From left to right: Lois Capps, John Hager, and Tom Watson
Paul Wellman

With Election Day around the bend, three candidates for the 23rd Congressional District met for their first and only public debate Saturday afternoon. Democrat Representative Lois Capps faced her challengers, Republican Tom Watson and Independent John Hager, in a Santa Barbara City College lecture hall over capacity with hundreds of attendees. The three candidates delivered spirited talk about the economy, environment, education, health care, and business to a buzzing crowd sporting campaign T-shirts and and gripping homemade signs.

The 12-year incumbent Capps is campaigning for her seventh term. In Congress, she championed Wall Street reform and the health-care bill, she said. “We’ve come a long way since George Bush was in office,” she said.

Hager, owner of a local law firm and unique contender to the race, pledges to represent the district without pressure from partisan platforms. He will not be influenced by campaign finances, he said, and does not accept donations over $250.

“We’re in the middle of a bad economy because the parties brought us here,” he said. “We have a deep hole of debt that even our grandchildren are not going to be able to climb out of.”

Retired naval officer Watson described himself as “a concerned father and husband.” He runs a campaign not about party, but policy, he said. “I’ve never been as concerned for the future of our country as I am right now,” Watson said, “because I believe we’re being destroyed from within.”

Both Hager and Watson criticized Capps for her legislative history. “I feel that we’re going down a tremendously bad path,” Watson said, “and we don’t have the kind of representation we deserve here in our district.”

Hager asserted that a representative should be able to face public scrutiny and questions. Hager’s aggressive approach was distinct throughout the debate, and he often put Capps and Watson in the hot seat.

On the topic of business, Hager said he had to smile listening to his opponents talk about the private sector. Capps isn’t a small businesswoman, and Watson’s company receives millions of dollars from the federal government, Hager said. “Included within that is a 1.6-million-dollar earmark sent by Representative Capps herself,” he said.

While Capps said her vote for the Wall Street bailout was infuriating, she said she had to do it because economists told Congress it had no choice. But it must be shame that justified her feelings, Hager said, “because she voted for the very laws that allowed that economic disaster to occur.”

But Capps and Hager did agree on the importance of ending American’s dependency on fossil fuels and investing in renewable energy. Watson disagreed, saying that the future of our competitive economy depends on access to cost-effective energy.

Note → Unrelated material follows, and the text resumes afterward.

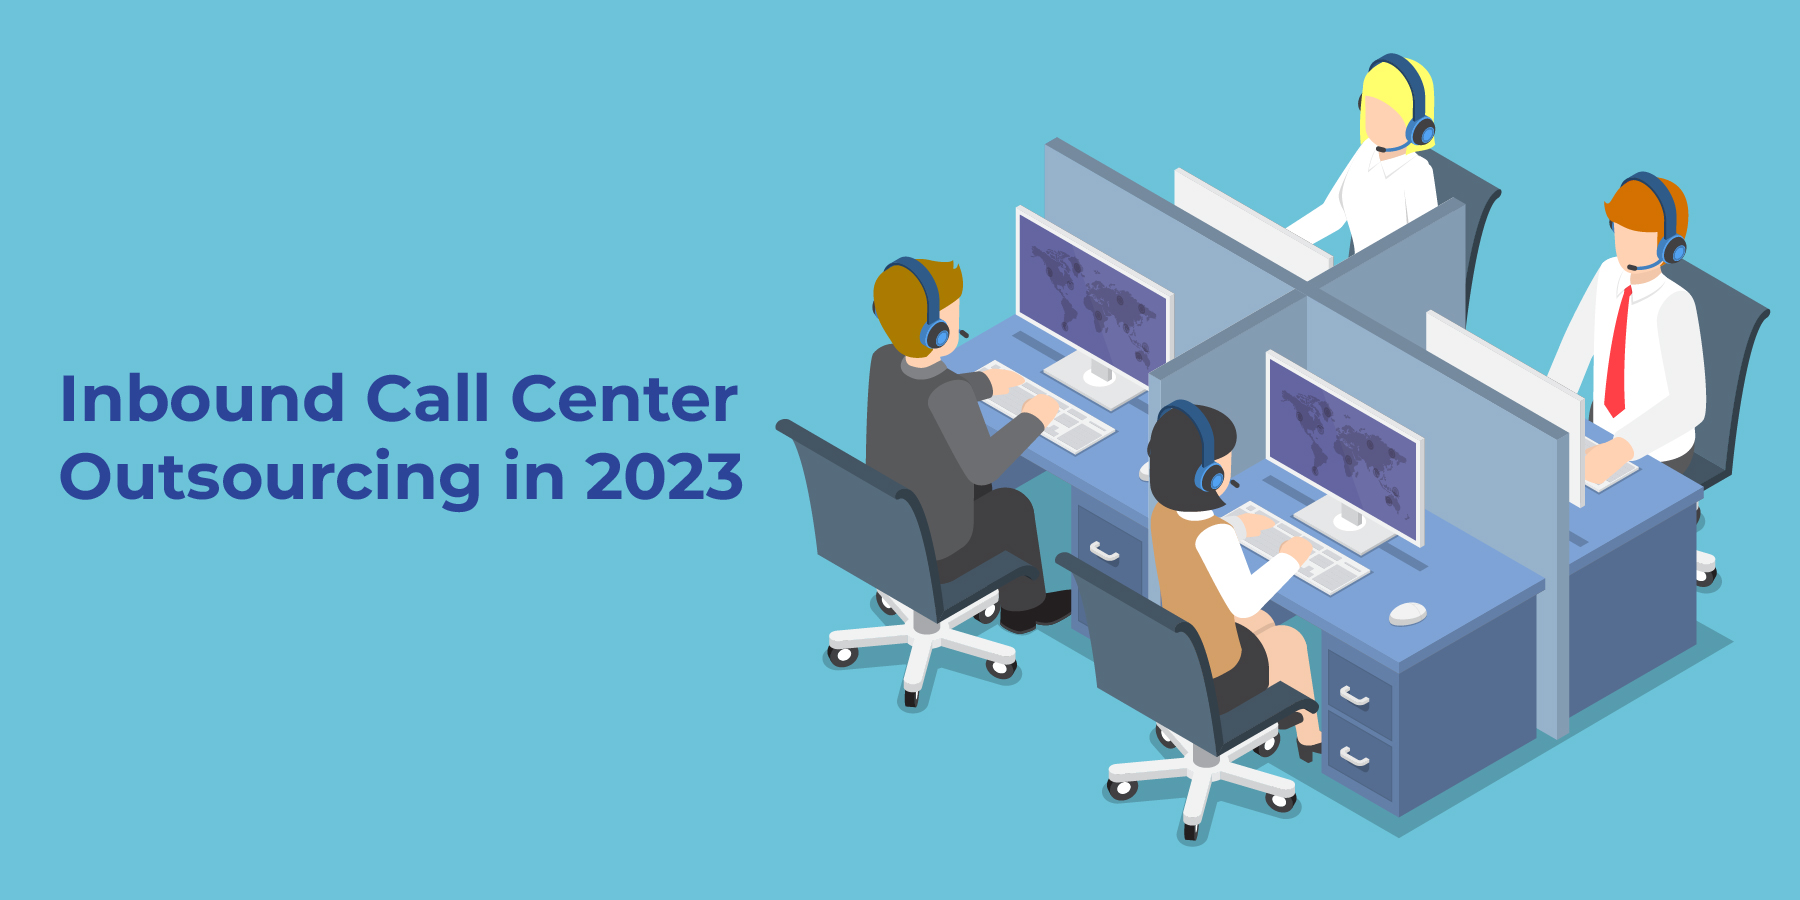 Inbound Call Center Outsourcing in 2023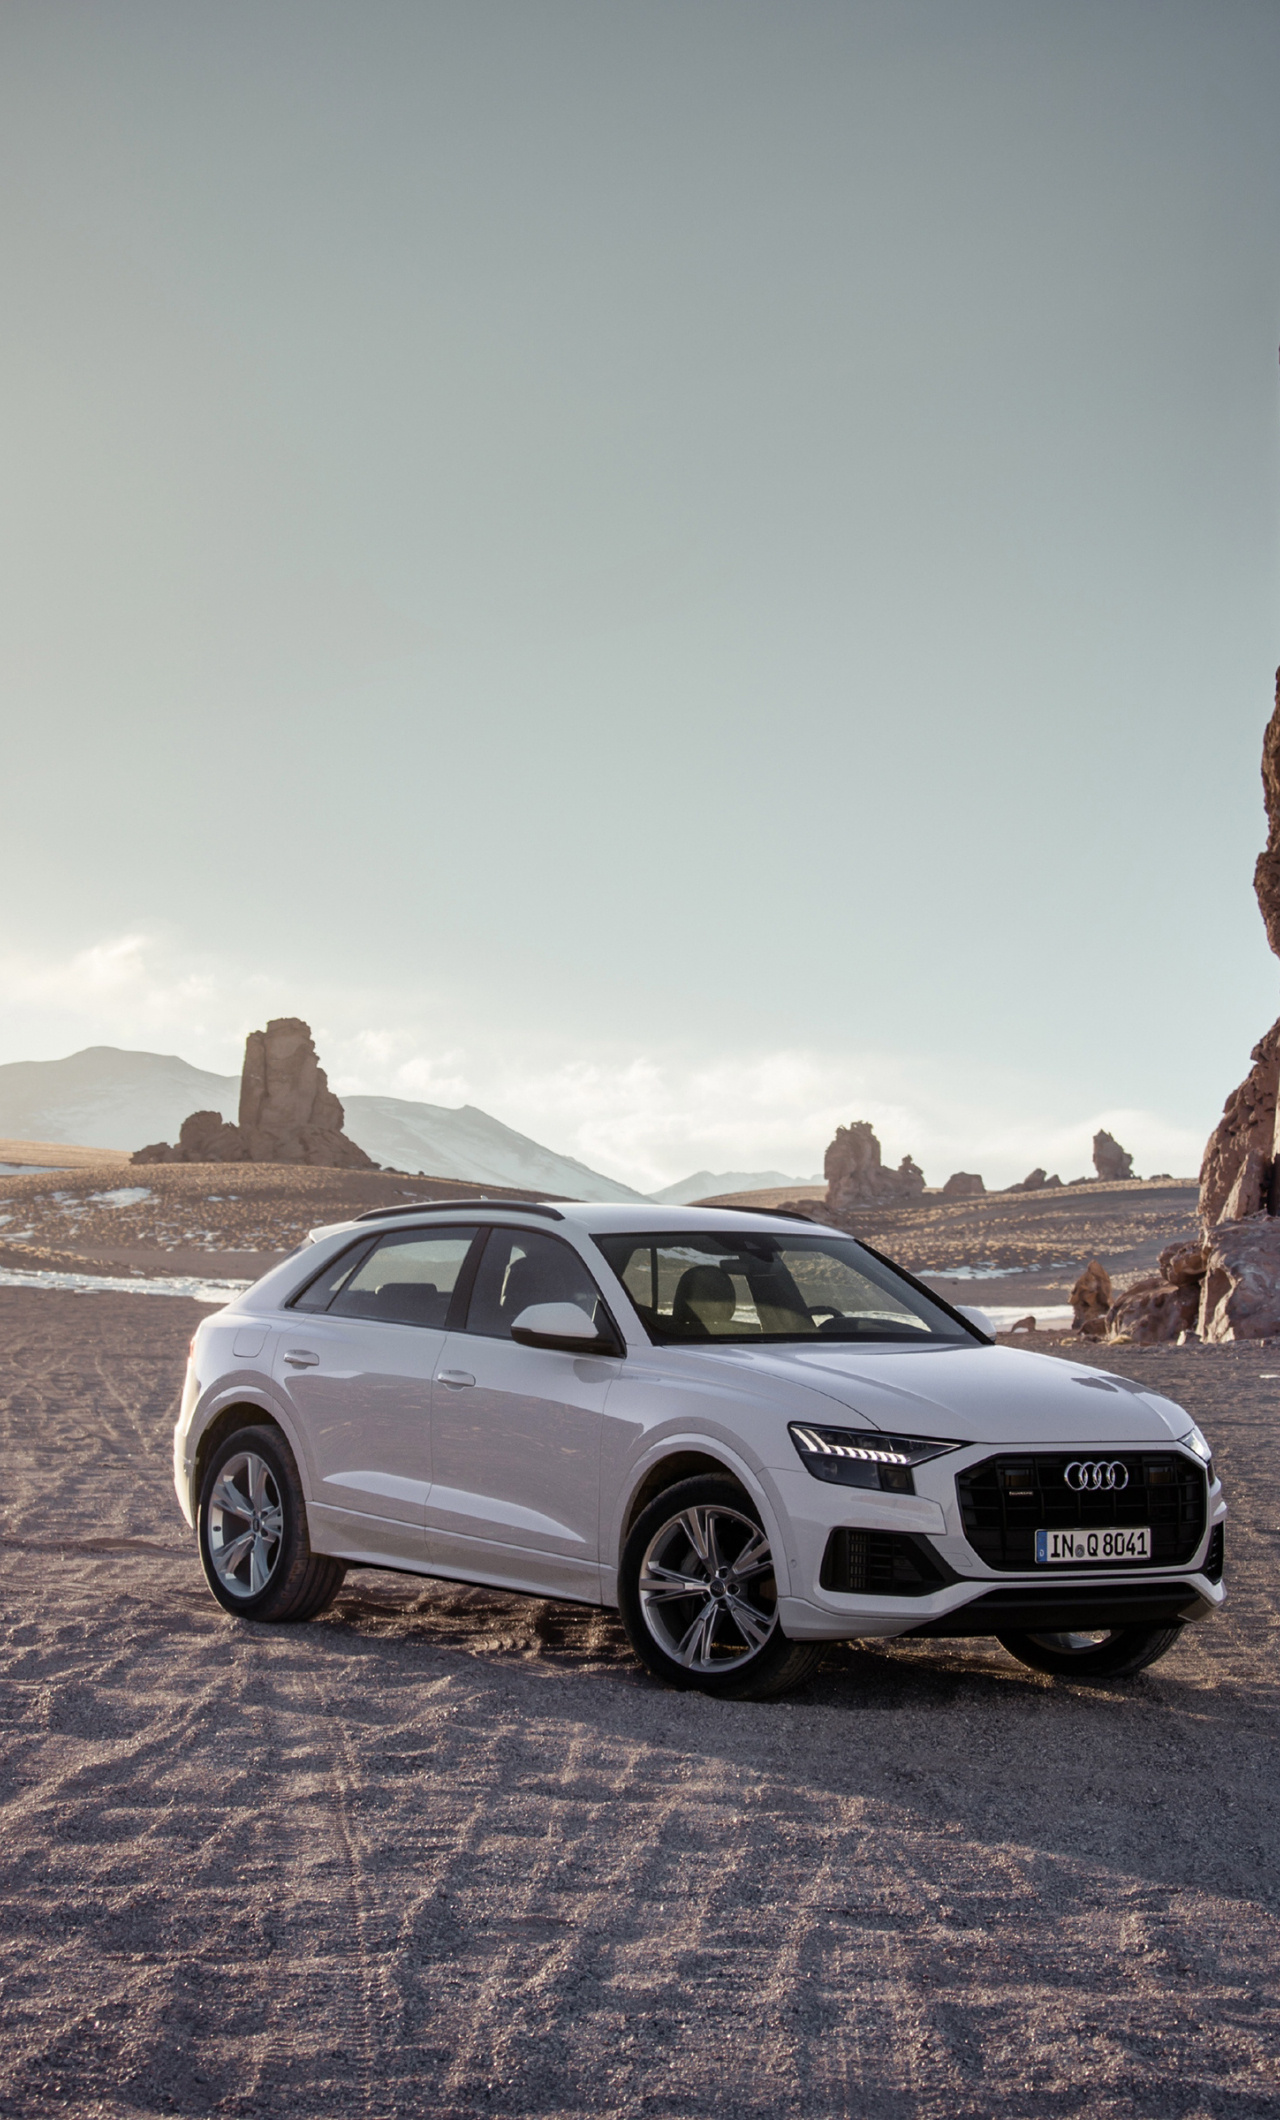 Audi Q8, Off-road capability, High-definition wallpapers, Unrivaled performance, 1280x2120 HD Phone

Watson also offered a differing opinion with the “don’t ask, don’t tell policy.” The military’s job is to be ready to defend our country, he said, and only the military itself knows how that readiness is impacted. When Hager pressed him for his personal position, Watson answered he wasn’t in the military anymore.

Watson called on his naval experience again when rebutting Capps’s health-care spending. When he joined the acquisition force, Watson said, he saw the area the government doesn’t do so well in — “The part of the government that gives us $600 hammers and $200 screws. And that’s the part Ms. Capps wants to run your health care.”

The crowd also disagreed with one of Capps’s statements regarding health care. Hisses and booes came her way while she discussed affordable coverage for families, striking a chord in mentioning a little girl named Madeline.

Without explaining the child, Capps said that, as a nurse, she learned to stick up for her patients. “I have taken those same skills with me to Congress,” she said. “I’ll be there for the consumer, for the patient, for the little guy.”

Along with protecting health, Capps and Hager agreed about protecting the coastline. But Hager pointed out Capps’s inconsistent position on offshore drilling, referring to her support for last year’s PXP drilling project. While she defended that the project closed down several offshore operations, Hager said he didn’t understand how allowing new drilling ends drilling at all.

The debate recognized no winner. The event was hosted by City College’s Associated Student Senate.